Thursday, June 7, 2018

Feeling a draft, Day 3

The third and final day of the baseball draft deals in quantity, not quality. Picks 11 through 40 occasionally produce major league players, but rarely stars, and many high schoolers taken on the third day decline to sign and go to college.

So in a very real sense, the biggest thing to happen Wednesday was something that didn't happen. Nobody took Luke Heimlich, Oregon State's ace lefty who pleaded guilty years ago to molesting his niece.

Heimlich now denies what he admitted in court as a juvenile, and his record officially has been expunged. On talent alone, he was worthy of at least a second-round pick, perhaps higher, but no front office thought him worth the risk to their reputations.

This, frankly, surprises me. We've seen this repeatedly in pro sports: The highest moral virtue is winning. I expected somebody to, at the very least, take him in the third day. And nobody did.

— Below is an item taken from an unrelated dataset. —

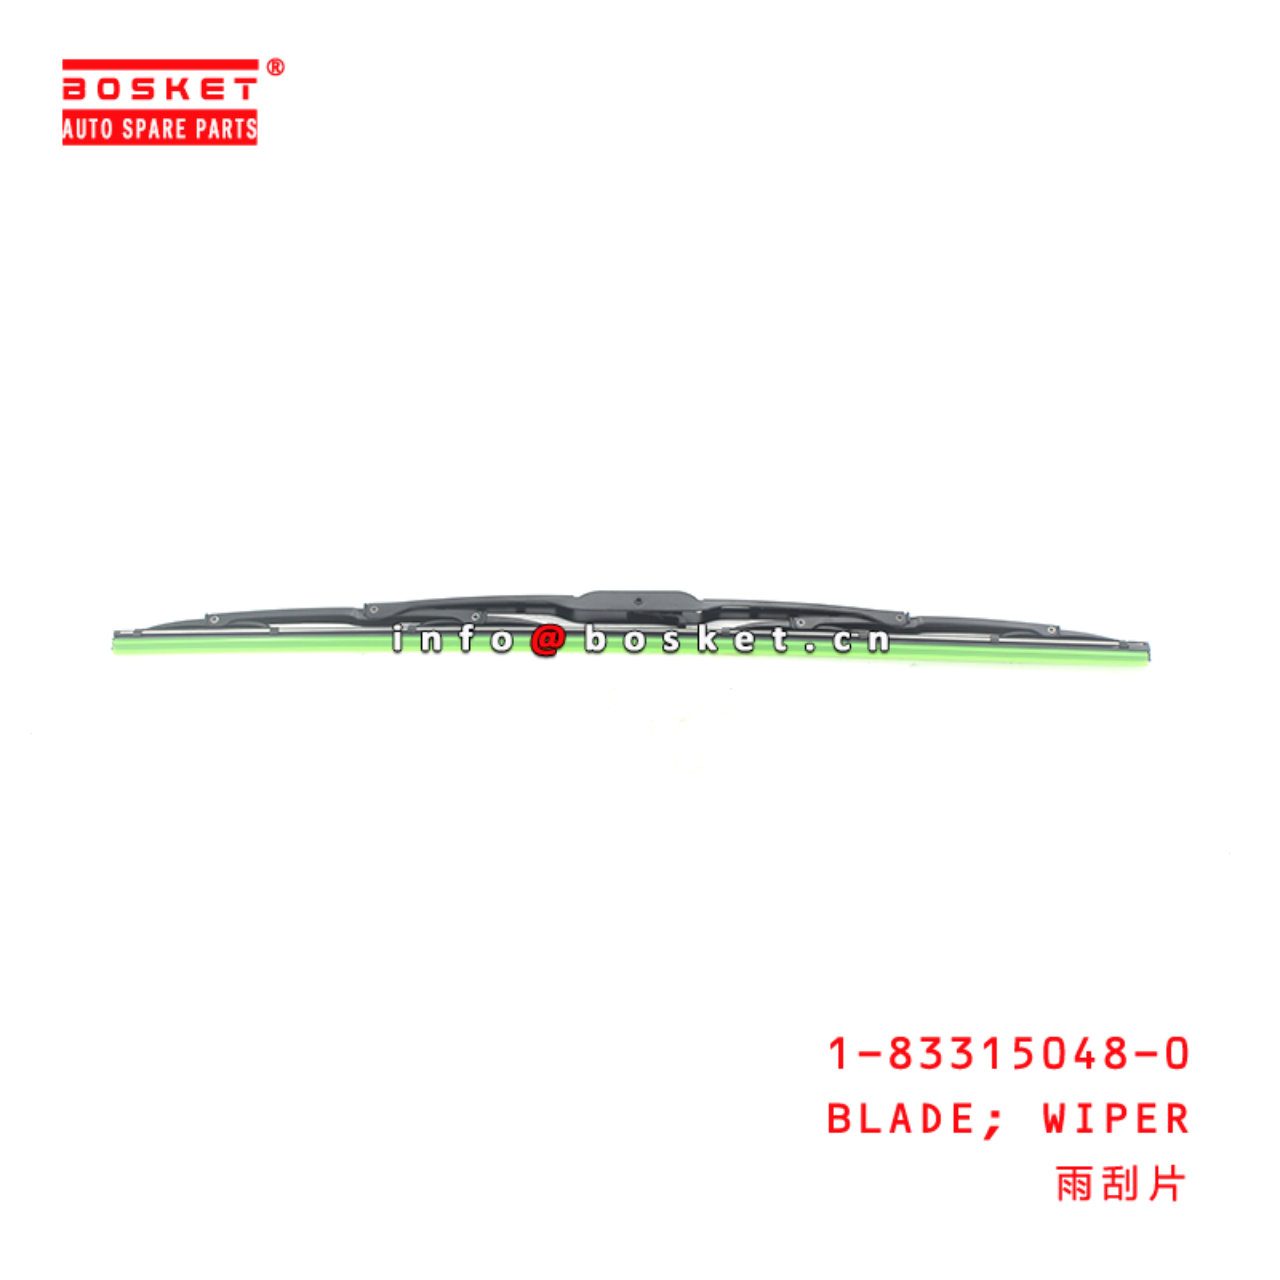 1-83315048-0 Wiper Blade Suitable for ISUZU ESR FRR FSR 1833150480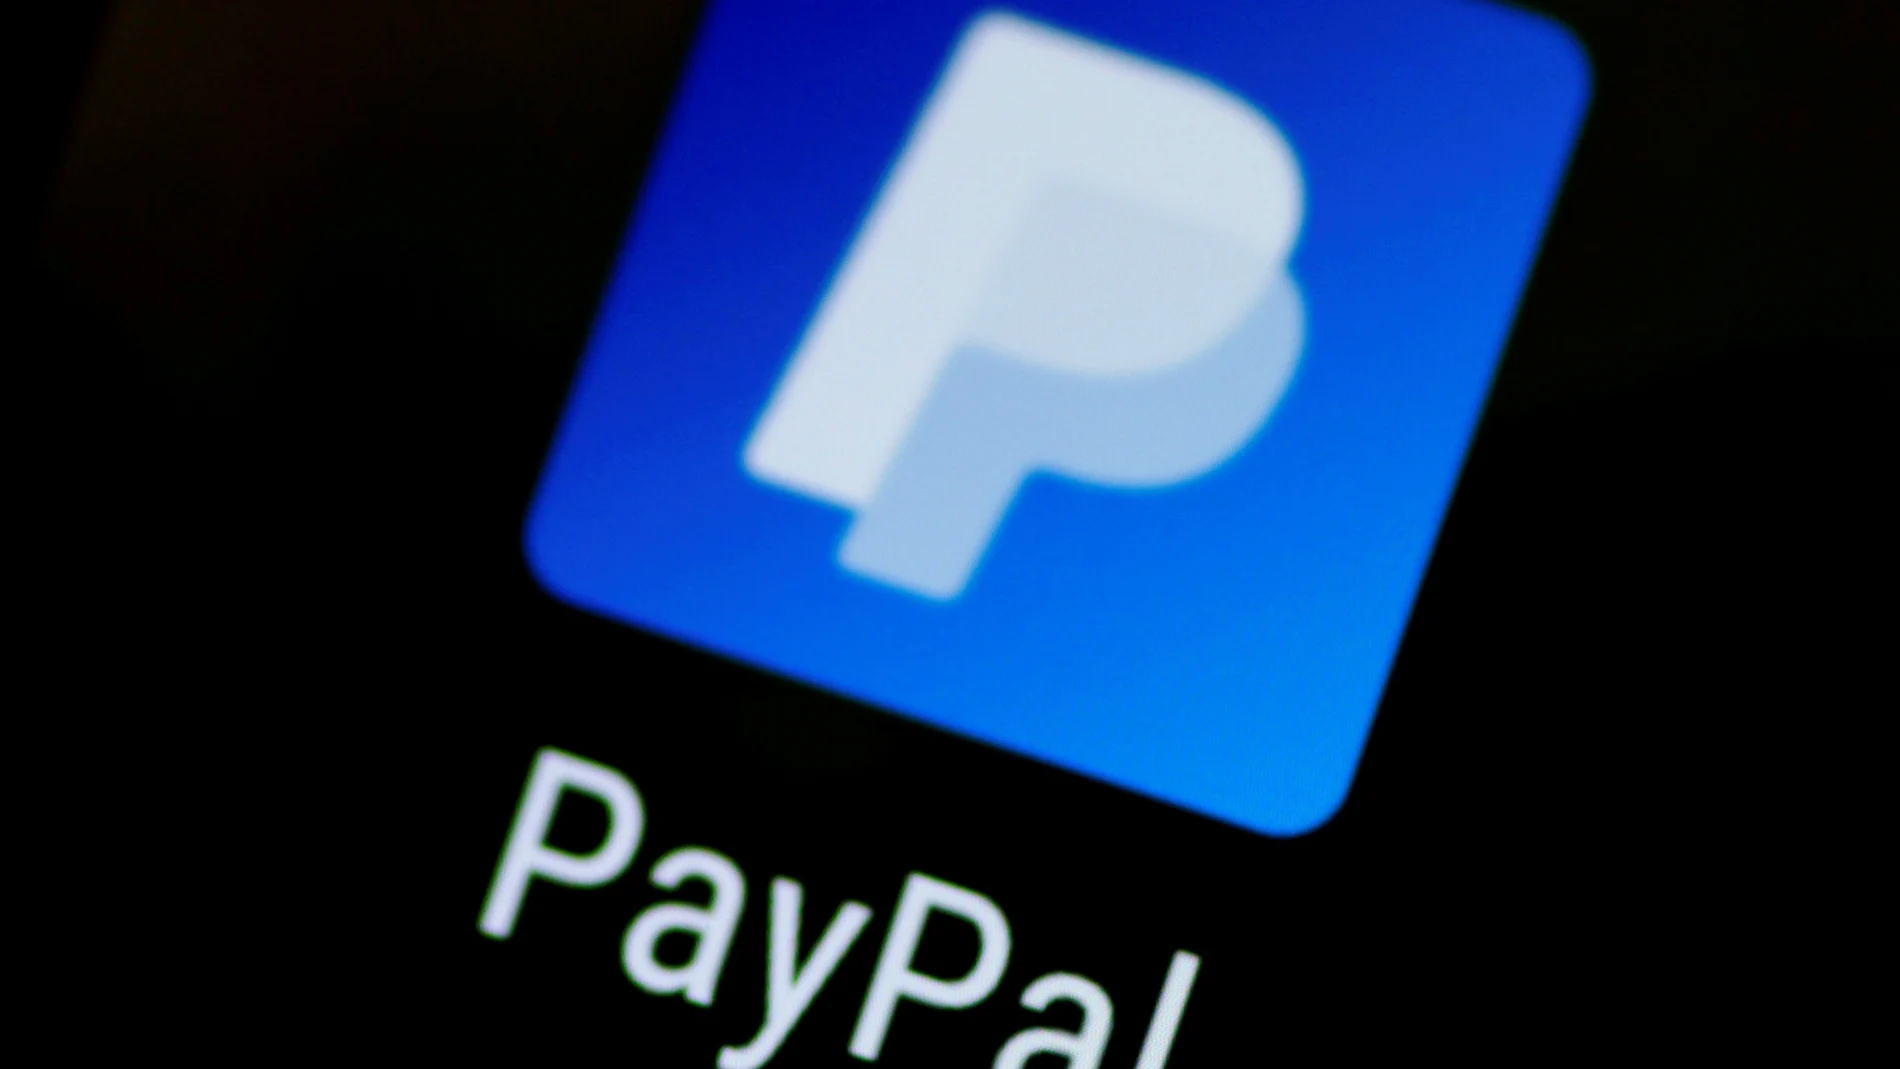 Cómo recibir y enviar dinero en Paypal

Presumably no owner, no general manager, no scouting director wanted to take the risk. Heimlich is now too notorious to fly under the radar. No farm director could relish his inevitable quotes in the inevitable story in whatever town Heimlich was assigned to play in: "Admitted child molester to pitch here." And if that blowback is insufficiently intimidating, imagine the blowback if Heimlich got into trouble again.

It's possible that Heimlich will get a free-agent offer from somebody. Perhaps he'll find an independent league team to pitch for. Or perhaps his baseball days end with this collegiate season -- the Beavers, with three first-round picks even excluding Heimlich, play Minnesota this week in a NCAA superregional for a berth in the College World Series.

My personal hope is that his baseball days end with a loss to the Gophers.